Saturday 19 February 2011

ich habe noch einen koffer in berlin

We are on vacation for the long weekend, and this time to the capital, to explore the strata of this multilayered, storied city.  Stay tuned to our little trave blog for upcoming developments.  For now, we have arrived in a shabby-chic hotel in the quarter of old Moabit, just beyond the buildings of parliment.  This area, bizarrely, was originally settled by French Hugonauts fleeing religious persecution.  One of their first enterprises after arriving was a venture for silk cultivation, but the Chinese white mulberry tree would not grow in the sandy soil of Berlin, which are the only trees that silkworms will spin their cocoons on, so they had to find another way to support their new community.

Thursday 17 February 2011

plagiat or creative-commons

Amid continuing controversies over German troop presence in Afghanistan, the debate over ending universal conscription, the state of affairs on board the navy's training tall ship, the Minister of Defense is facing a more personal embarrassment and crisis of integrity. Legal scholars stumbled across some tell-tale passages from the Minister's 2006 doctorial dissertation comparing and contrasting the constitutional (Verfassung) systems and processes of America and Europe that strongly indicate academic dishonesty and plagiarism. With all the other debates going on in the ministry and tensions all around, one has to wonder about the timing of the this curious audit--possibly meant as a character-assassination that withers more credibility.

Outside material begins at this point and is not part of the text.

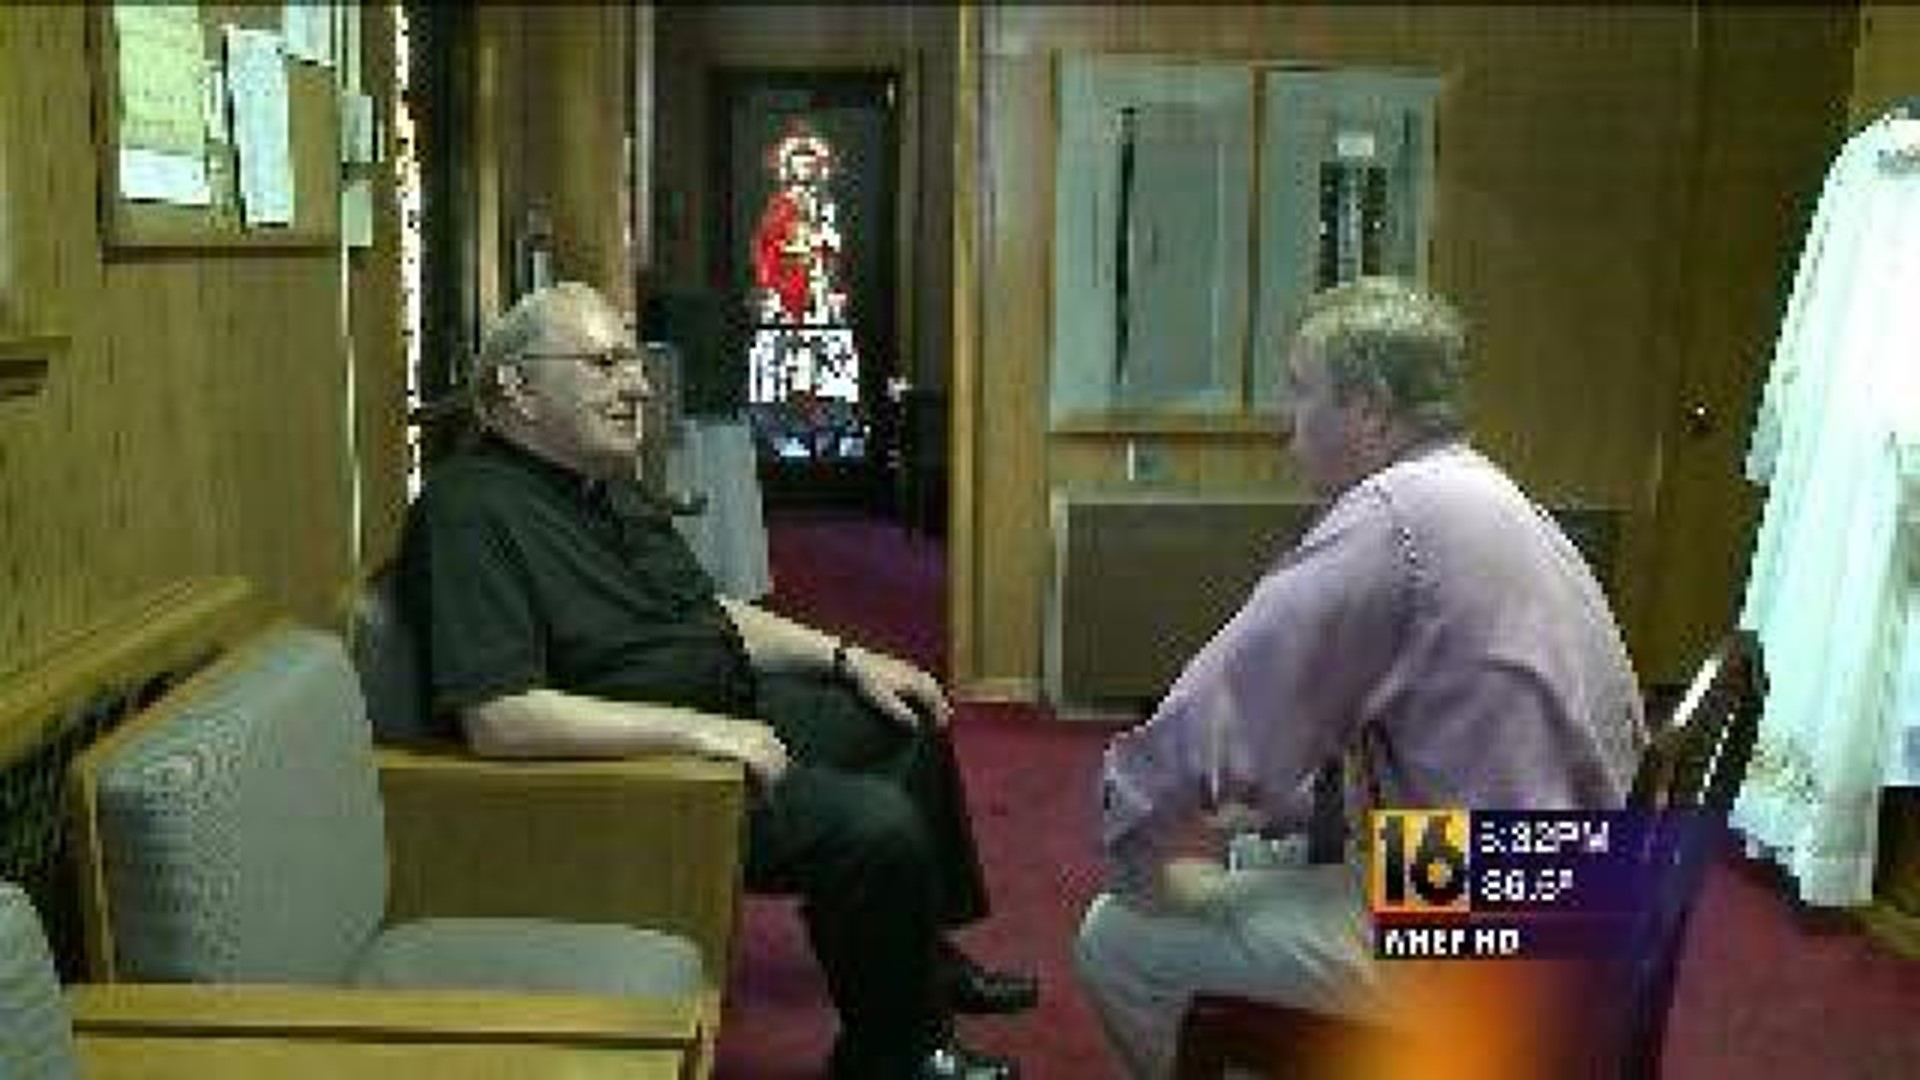 Pittston Priest Applauds Move to Canonize Two Former Popes

If the Minister did cheat a little, then he deserves to lose his doctor-title regardless of whether it was a vanity degree for someone already entrenched in the halls of government and even if originality and due-credit are not mainstays of any government.  Such behaviour should not be condoned but it should neither unsettle confidence in itself--not all embarrassments and skeletons are outed through leaks.  It surprises me though with all the warnings against it from the same learned councils that say Wikipedia is not an acceptable source or scans term papers line by line against the sum total of human knowledge--that is, at least what is committed to the internet, or sends out publication manuals and style guides with every text book shipment to reinforce the importance of proper and full citations. Considering all that is recycled and repackaged, maybe the Minister's dissertation was a fitting homage to old wine in new bottles.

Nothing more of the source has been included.